Tulisan yang membuat Zulpen merasa dilecehkan profesinya sebagai wartawan oleh Ahmad Jabbar sebagai berikut;
"Ada2 aja pk Zulfen (wartawan pelita riau).. kemarin datang kepada saya meminta dibantu beasiswa S2. tidak bisa di bantu dan sdh di jelaskan bersama pk darwis juga.echh. mau dinaikan berita.. capek dech..weleh weleh." Begitu isi tulisan postinganya sehingga menimbulkan persepsi dan opini buruk terhadap wartawan.
"Mungkin setiap orang yang membaca postingan facebook Ahmad Jabbar tentang saya, mereka bisa saja menuduh saya sudah menakut-nakuti atau memeras Ahmad Jabbar agar berita tidak dibuat dan saya dibantu beasiswa," jelas Zulpen.
Bukan hanya itu, dalam kolom komentar kembali Ahmad Jabbar memposting tulisan baru yang dinilai sudah menghina profesi wartawan dengan tulisanya "Siip ada2 aja wartawan skrg. saya ambil positif juga,, makin terkenal wajah saya.. ho ho tks pak zulpen."
Zulpen mempertanyakan maksud tulisan yang buat Ahmad Jabbar, apakah untuk menghina dirinya, atau menghina profesi wartawan atau menuduh dirinya sebagai wartawan sudah melakukan pemerasan.
"Saya melaporkan Ahmad Jabbar ke PWI Inhu karena status facebook-nya menyebutkan kata-kata yang menurut saya menistakan profesi wartawan," ujar Zulpen.
Sementara itu, Ketua PWI Kabupaten Inhu Kasmedi membenarkan laporan tersebut sudah masuk dan langsung menyikpainya dengan menggelar rapat internal PWI Inhu. "Kita menyesalkan perbuatan yang sudah melecehkan profesi wartawan, kita sudah menyepakati langkah-langkah yang diambil," ujarnya.
Lebih jauh dikatakan Kasmedi, selain membahas tulisan yang diposting oleh akun facebook atas nama Ahmad Jabbar, PWI Inhu juga meminta penjelasan dan membahas persoalan anggaran Cosial Sibility Respont (CSR) PT Pertamina EP Lirik secara terbuka di DPRD Inhu.
"Kita juga minta persoalan CSR perusahan ini penggunaannya diberitahukan ke DPRD, berapa jumlahnya, berapa persen untuk lingkungan sosial kemiskinan, pendidikan dan kesehatan," pungkasnya.
Pantauan di halaman beranda akun Facebook Ahmad Jabbar, Selasa (22/11/2016) siang dia tampak menuliskan bahwa telah mendapat kabar dirinya telah dilaporkan ke PWI Inhu.
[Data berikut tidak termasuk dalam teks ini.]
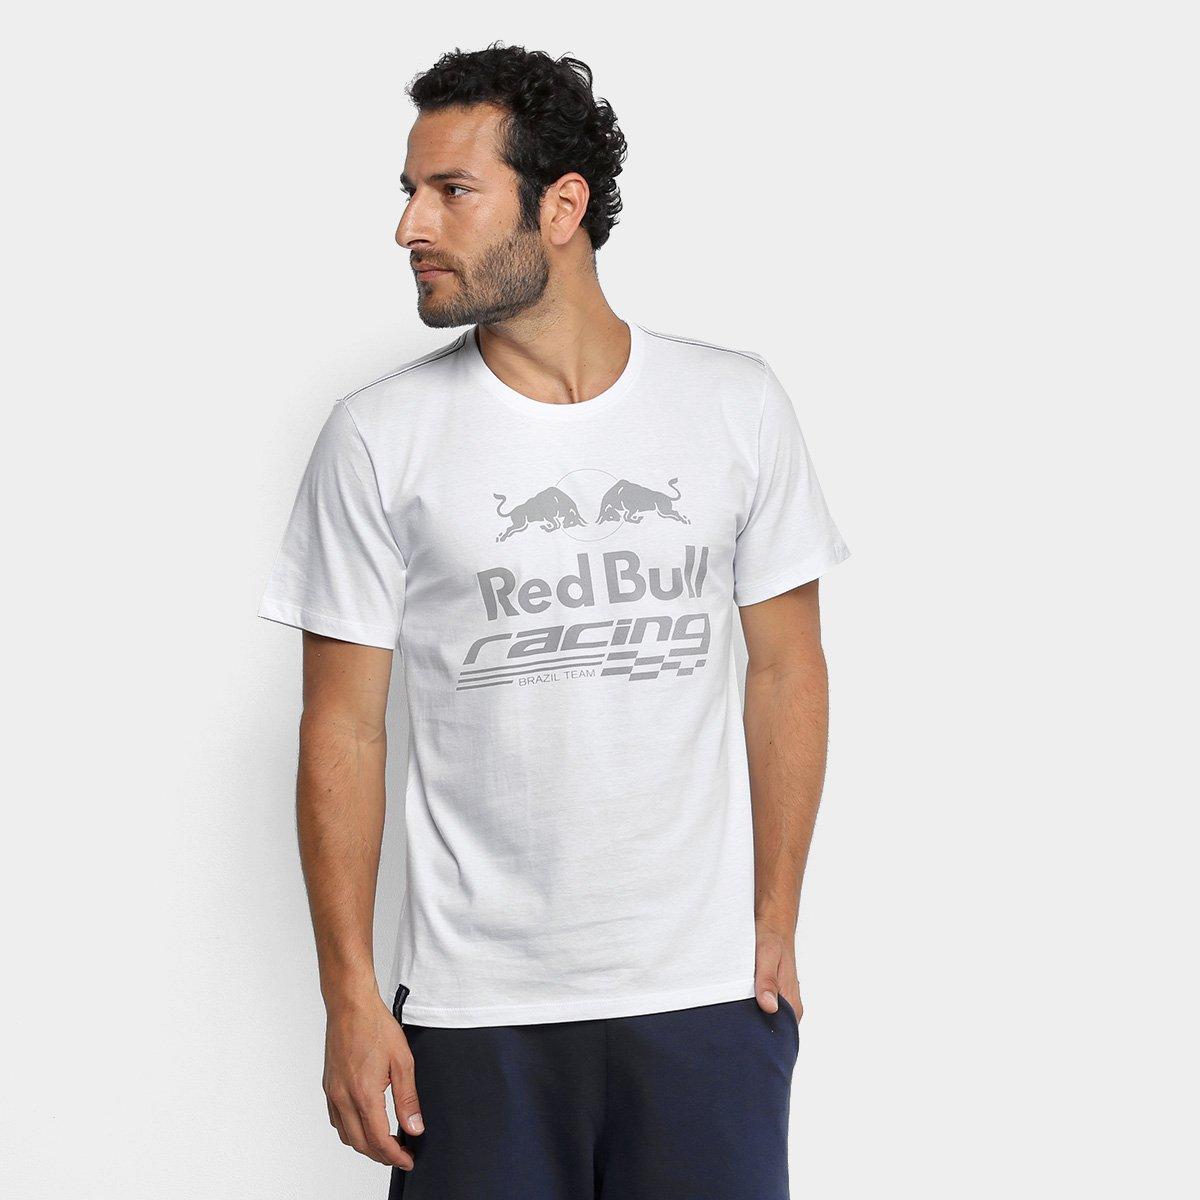 a3496c71da5f8 Camiseta Red Bull Racing Estampa Contraste Masculina - Branco - Compre  Agora
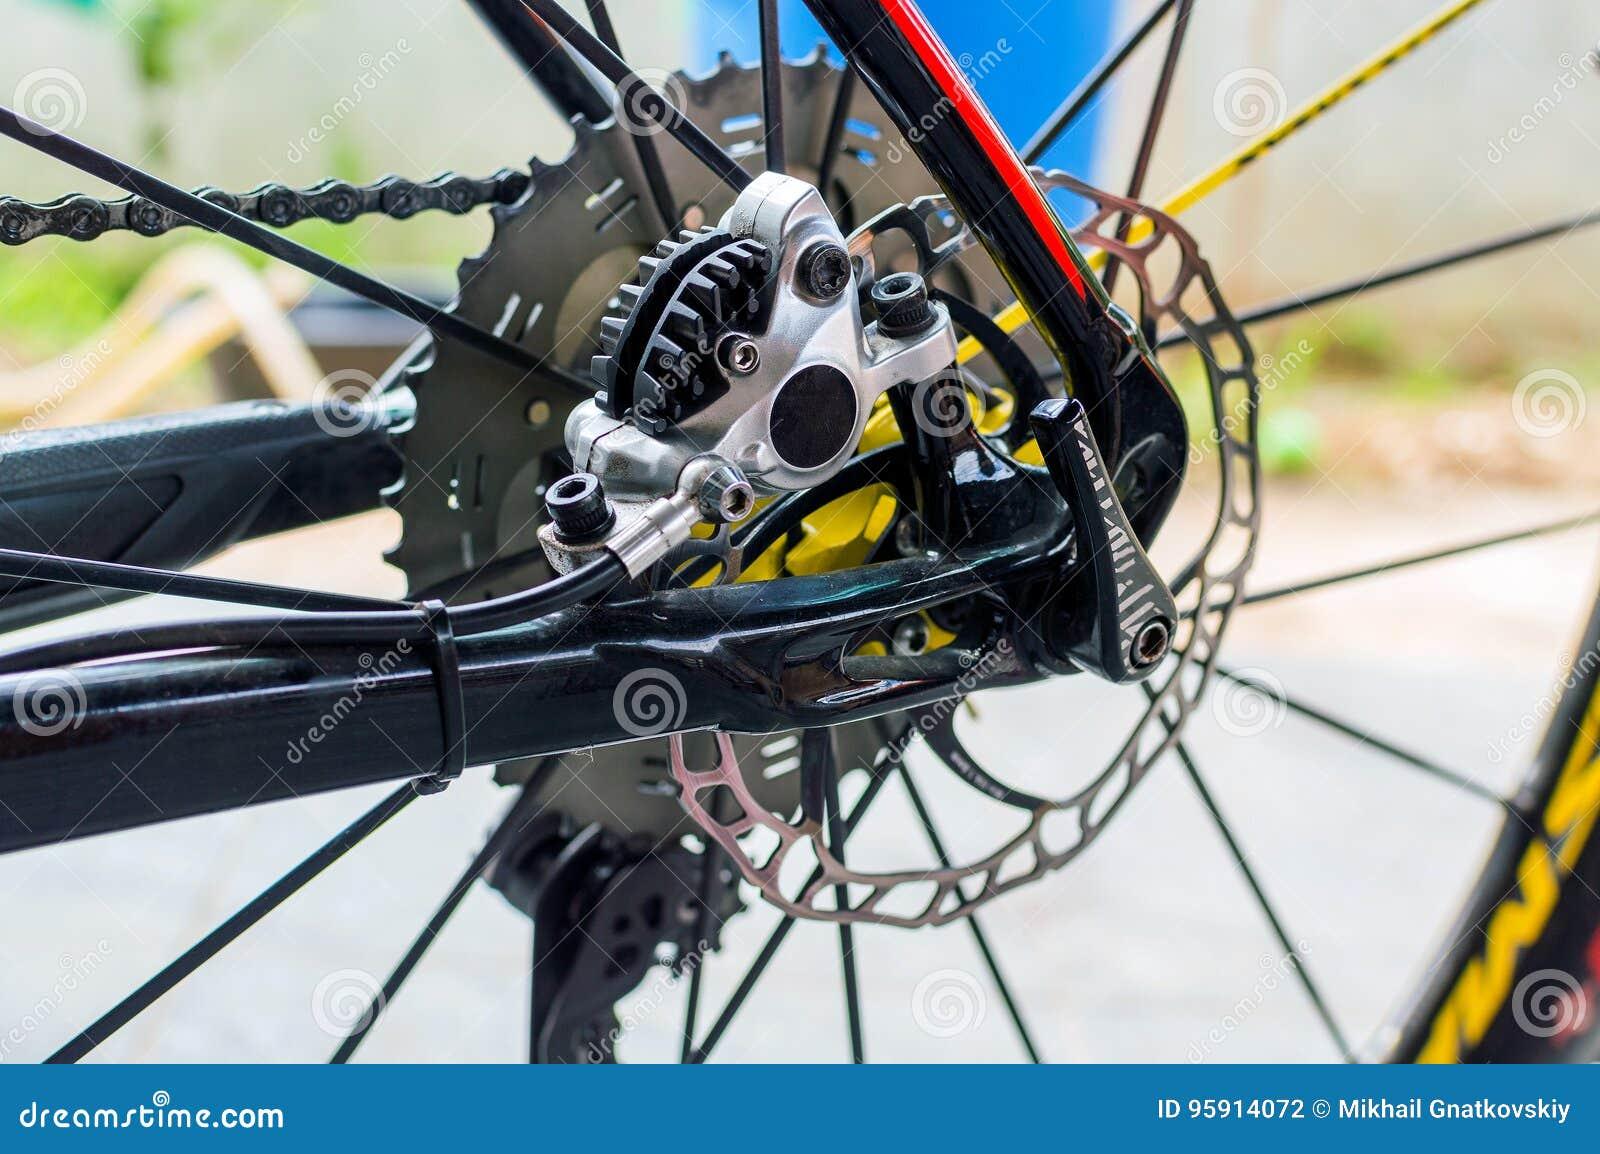 Bicycle Hydraulic Rear Disk Brake On Sport Bike Edition Stock Photo

Namun dari tulisan yang diposting 54 menit yang lalu saat jam menunjukkan pukul 11.47 WIB, Ahmad tampak santai dan legowo atas laporan tersebut.
"Barusan dapat info dari sahabat saya jurnalistik, bahwa sdr. Zulfen melaporkan saya ke PWI Kab. Inhu dan PWI kab.inhu melakukan somasi.. sebagai organisasi pwi,, saya sangat mendukung somasi ini.. sehingga dapat kelihatan kebenaran.. Nama WA sdh harum dan kebanggaan masyarakat lirik dan inhu. tpi seperti berita dibawah ini masih muncul di online..bravo," tulisnya sembari menautkan link berita online Antarariau.com dengan judul "Bayar Masuk Objek Wisata Pertamina Lirik, Pengunjung Kesal dan Mempertanyakan".